Wednesday, June 24, 2009

The smile on Hans face

We start the Andersonville Farmers Market tonight. Should be a very good market. They have put together a list of top notch vendors. Brunkow Cheese, River Valley Ranch, Tomato Mountain, Herbally Yours, and many more. It won't be like the Wilmette market, sellin' all kinds o' junk. Dog treats, jewelry, candles, nonsense. They even once had a person there doing massages. Ridiculous. There are four bakeries there. mostly nasty stuff. I think the other bakeries there are just re-sellers. The only reason we do that market is because it's close. We can fit it in with the vehicles, and personnel, we have. They accept anyone into that market. They have no boundaries or criteria.

Hans rye bread yesterday came out very nice. He was very pleased. He had one of the loaves sliced. I was shocked. I smelled it, as did he.
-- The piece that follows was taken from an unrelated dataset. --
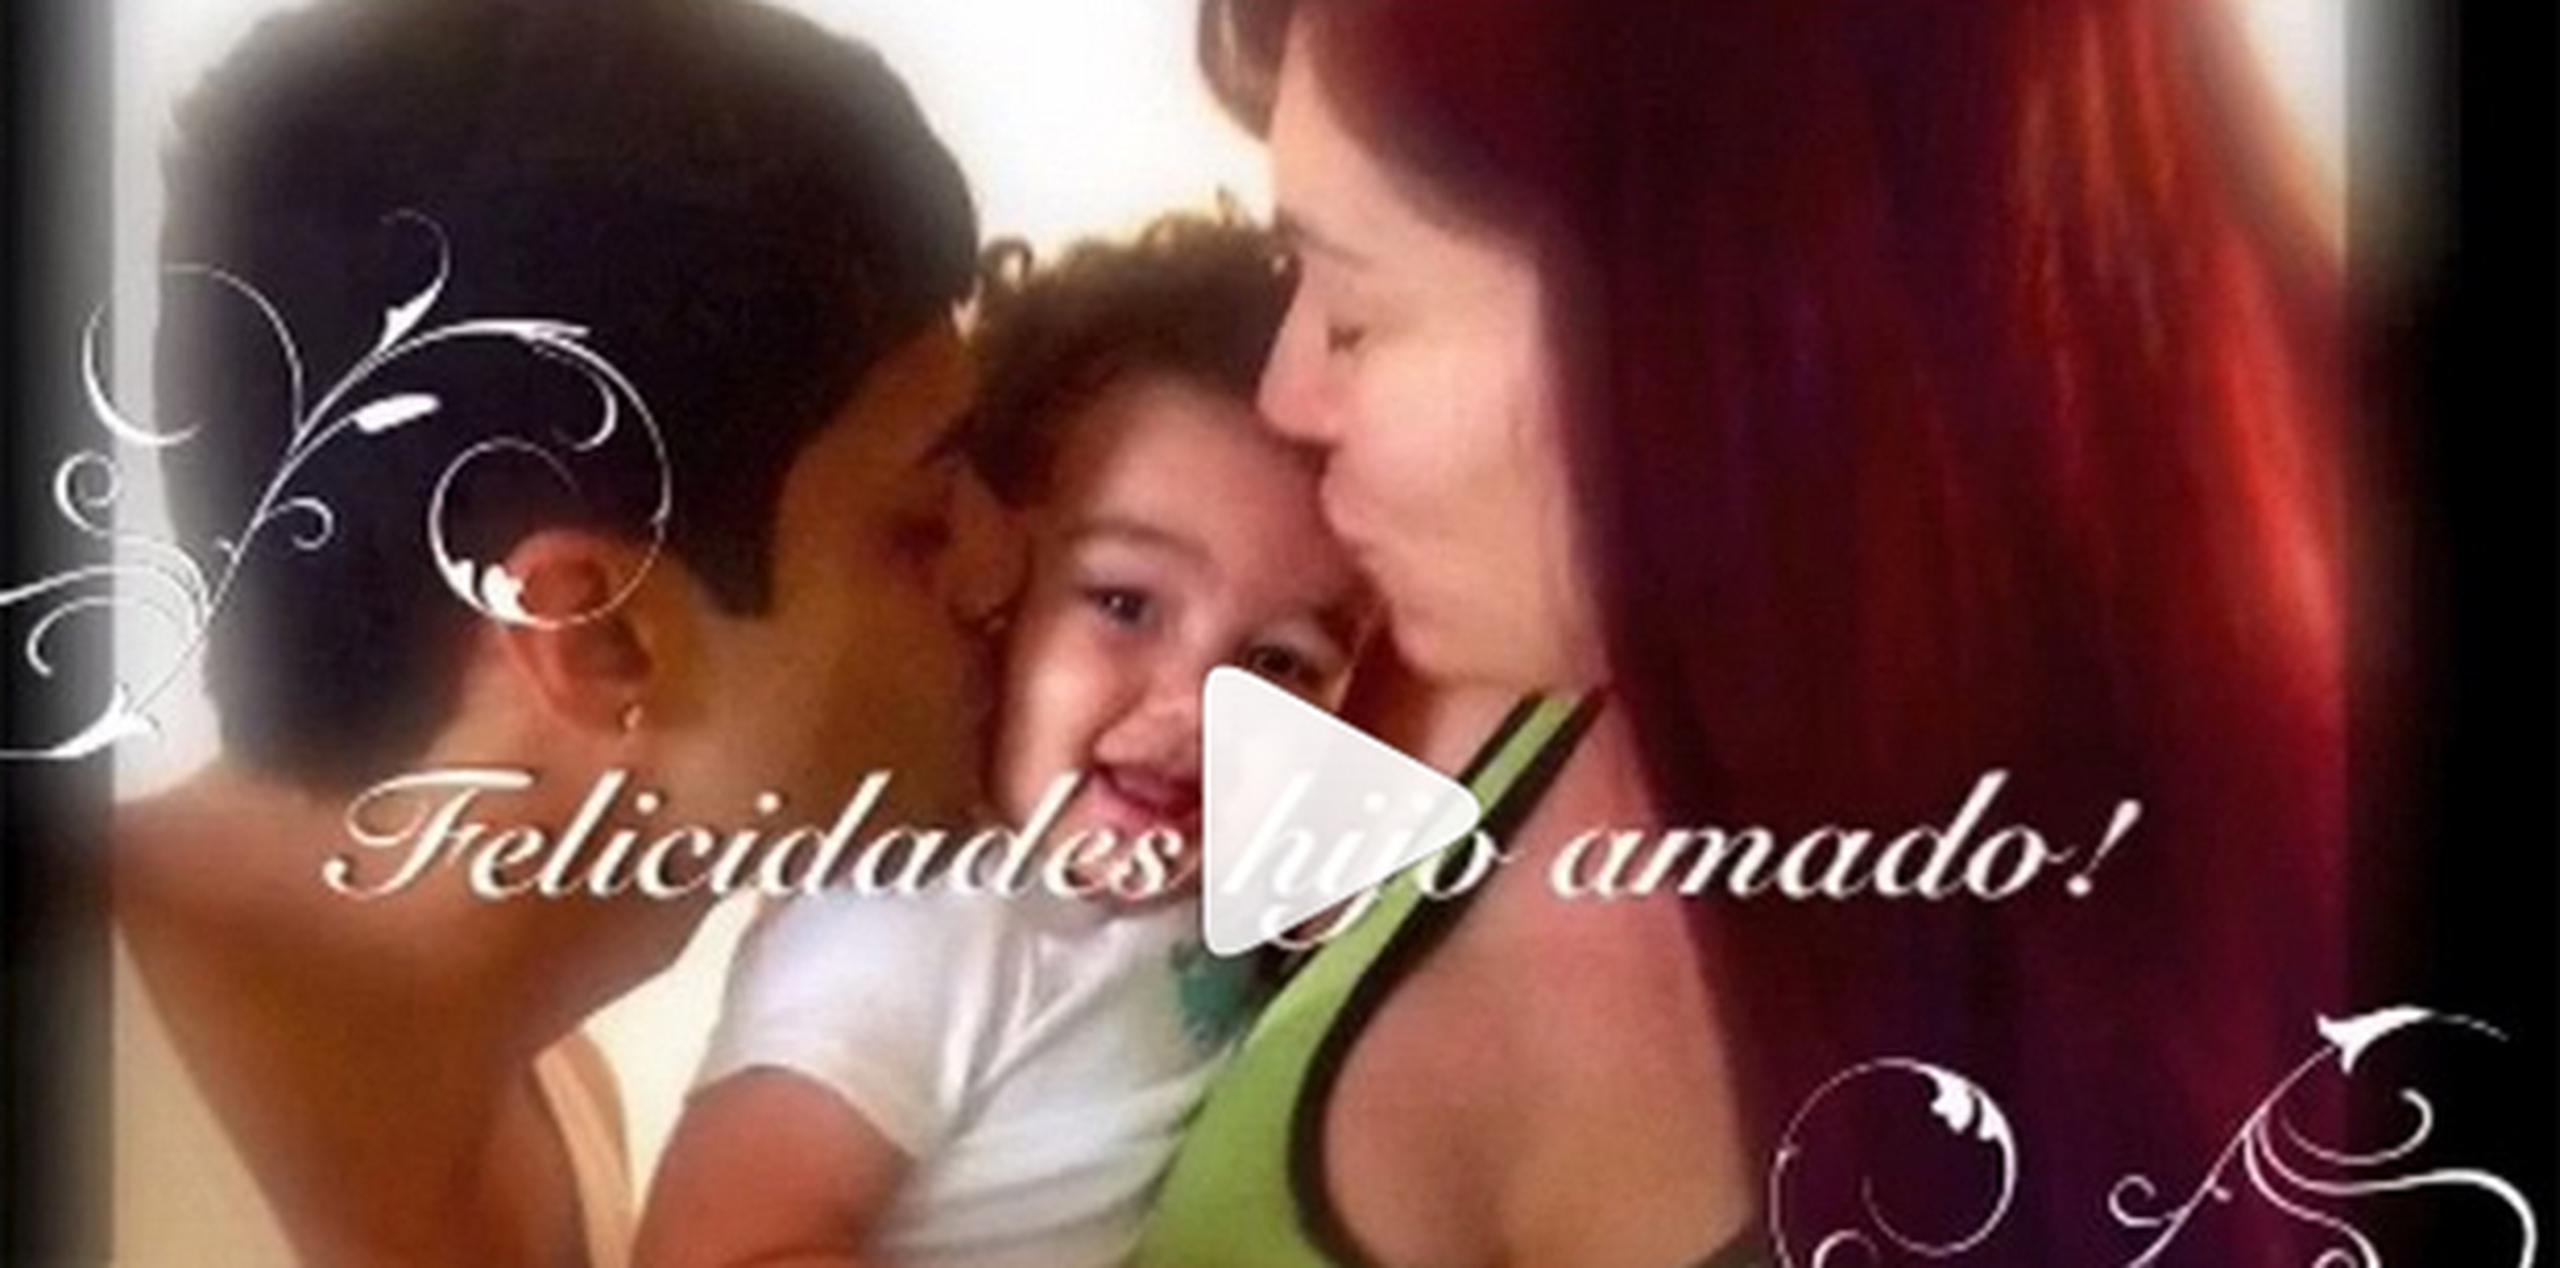 Al final del vídeo aparece el artista junto con su compañera y el niño en medio de ambos. (Instagram)

He closed his eyes, drew in a breath, and smiled, said "sehr gut, wundervoll". He didn't taste it. He offered "to fresh to eat". Off he went. Feels good to make someone happy. Tis' the beauty of this business, the thing that draws me to it. Makin' peoples day, all day long, everyday. Pastries, baked goods in general, make people happy. My son is a hockey player. I used to take his skates to be sharpened, at the Wilmette Bike Shop. I'd walk in there and Larry was standing there in a sea of skates. Lady gave him a pair of skates, he gave her a claim ticket. He said "be ready tomorrow afternoon". She left. I handed Larry my sons skates, and a box of morning pastries. He sharpened the skates while I waited. We have our local welder guy. Does beautiful work. Little handles, brackets, any little stuff, him and I both know. He always tells my dad, "we work for food".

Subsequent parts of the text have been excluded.